In most mammals, mucous membranes line the passages by which internal organs communicate with the exterior environment. By way of example but not limitation, the two primary mammalian tracts (i.e., the gastrointestinal and genitourinary tracts) are lined with mucous membranes. These mucous membranes are generally soft and velvety, and very vascular, and their surfaces are coated over by their mucous secretion, which is typically of a viscous consistency. The mucous serves to protect tissue from foreign substances which may be introduced into the body.
In order to provide a training tool for physicians and other medical personnel who are learning endoscopic insertion techniques and therapeutic procedures, it has been found desirable to provide a clinically realistic anatomical model of the mucous membranes which line the two primary mammalian tracts, i.e., the gastrointestinal and genitourinary tracts.
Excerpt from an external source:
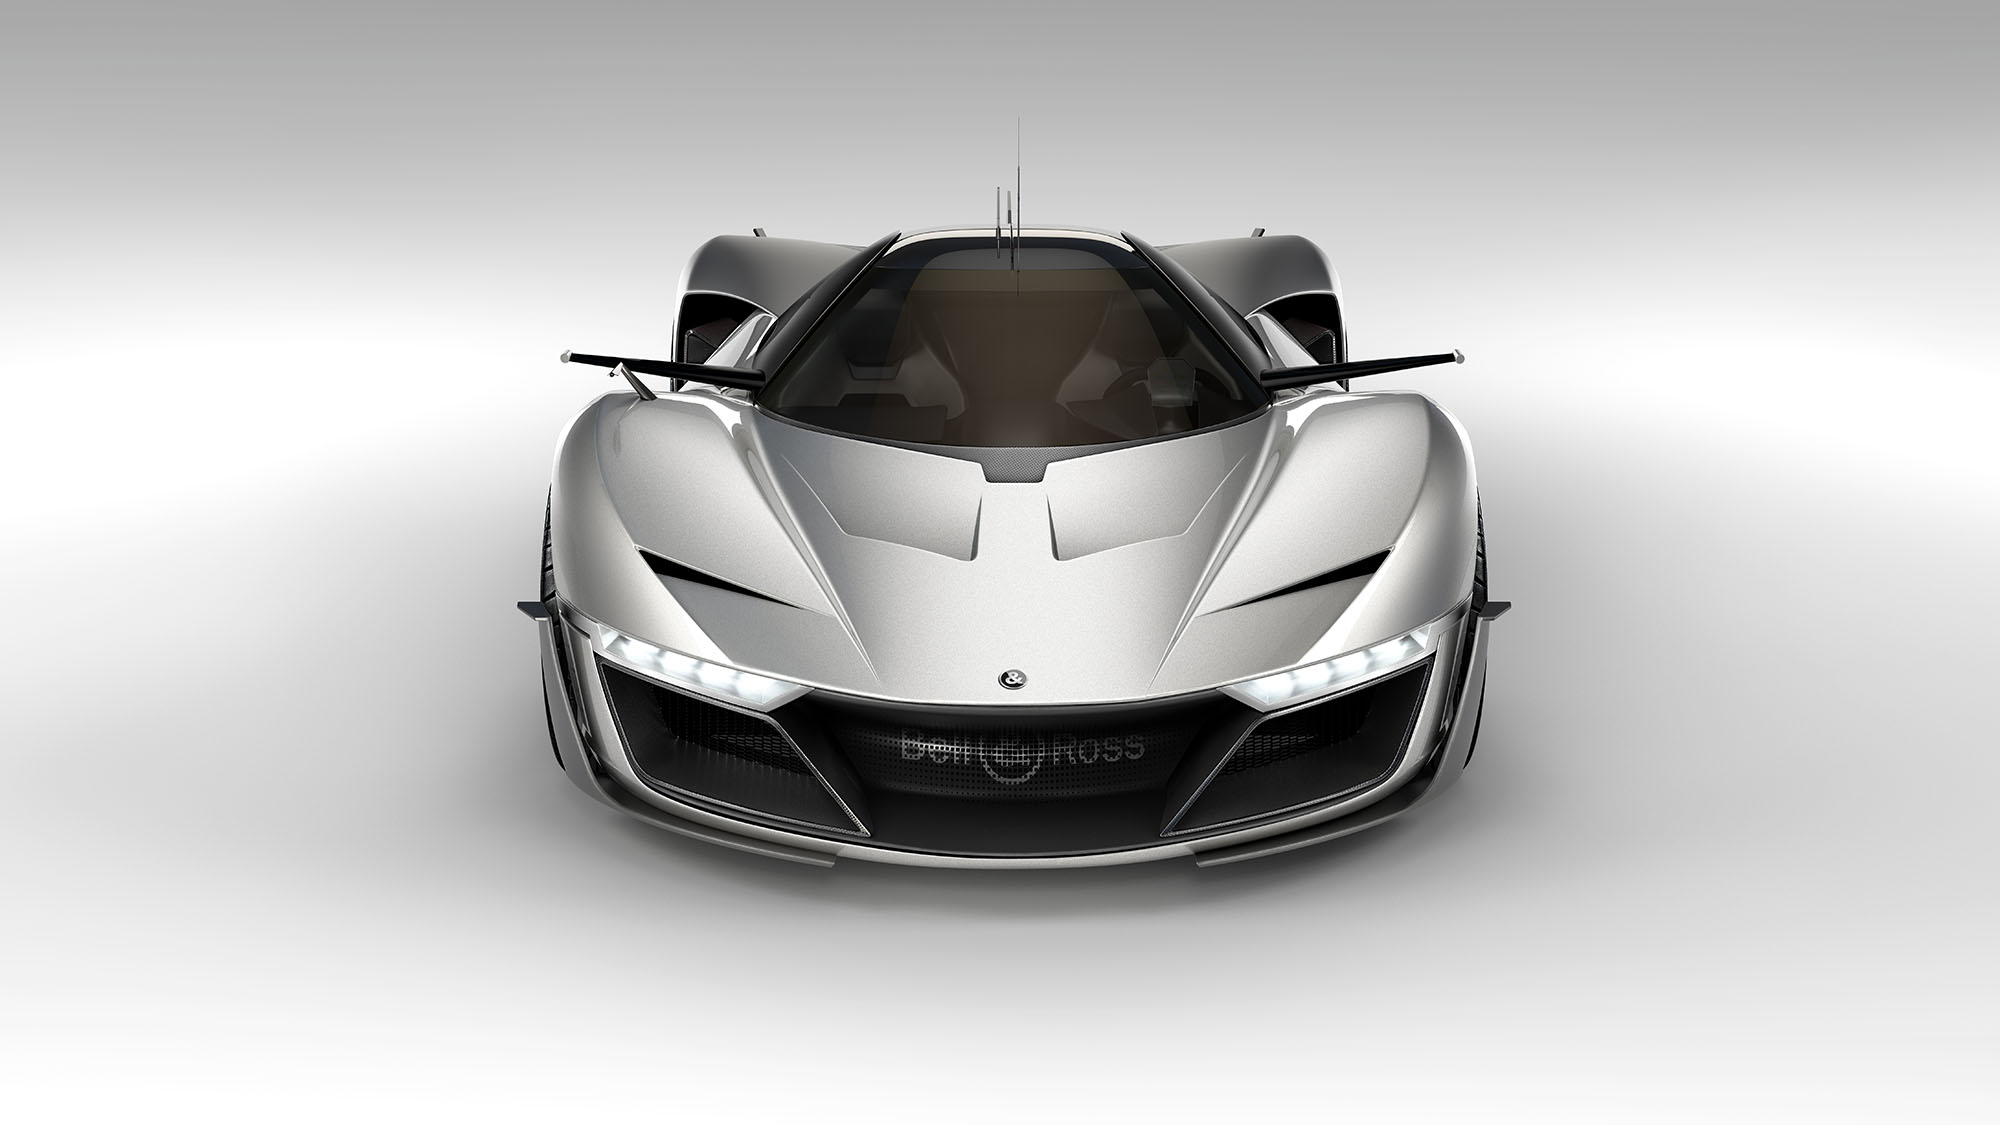 Bell & Ross Aero GT concept unveiled - photos | CarAdvice

Many, if not most, of the prior art anatomical models of the gastrointestinal and genitourinary tracts are single-walled tubular models which are positioned on a base plate. These single-walled tubular models generally utilize elastomeric materials such as silicone or a thermoplastic elastomer (TPE) to simulate the pliable, compliant nature of a gastrointestinal and/or genitourinary tract organ, e.g., the bowel, etc.
However, there are many deficiencies associated with these prior art anatomical models.
For example, elastomeric materials tend to have a high coefficient of friction, which is the opposite of the slippery mucous-lined anatomy of the gastrointestinal and genitourinary tracts. Thus, forming the anatomical model out of an elastomer makes it difficult to pass the instrumentation (e.g., an endoscope) through the anatomical model in a realistic manner. One solution to this problem is to add a lubricant to the anatomical model and/or the instrumentation. However, this approach is not completely satisfactory, since the lubricant can dry out, even in a relatively short time period, which can then make it even more difficult to pass instrumentation through the model.
Another significant deficiency of prior art anatomical models is that these models fail to realistically incorporate the external compression (e.g., abdominal pressure from adjacent organs) which acts on the gastrointestinal and/or genitourinary tract. For example, the bowel and the urethra are both tubular organs which typically lay in a flat condition when these organs are not distended. Prior art anatomical models are generally constructed with self-supporting walls which do not simulate the lay-flat anatomy which is being compressed by abdominal pressure from adjacent organs.
In addition to the foregoing, the gastrointestinal and/or genitourinary tracts are typically supported by the adjacent anatomy via movable connections. By way of example but not limitation, the small bowel is typically movably supported by the mesentery. Prior art anatomical models are generally constructed with fixed supports which do not properly simulate the movable connections which can be characteristic of the gastrointestinal and/or genitourinary tracts.
For these reasons, and others, there is presently a need for a more realistic and accurate anatomical model which can be used as a training tool for physicians and other medical personnel to learn endoscopic insertion techniques and therapeutic procedures.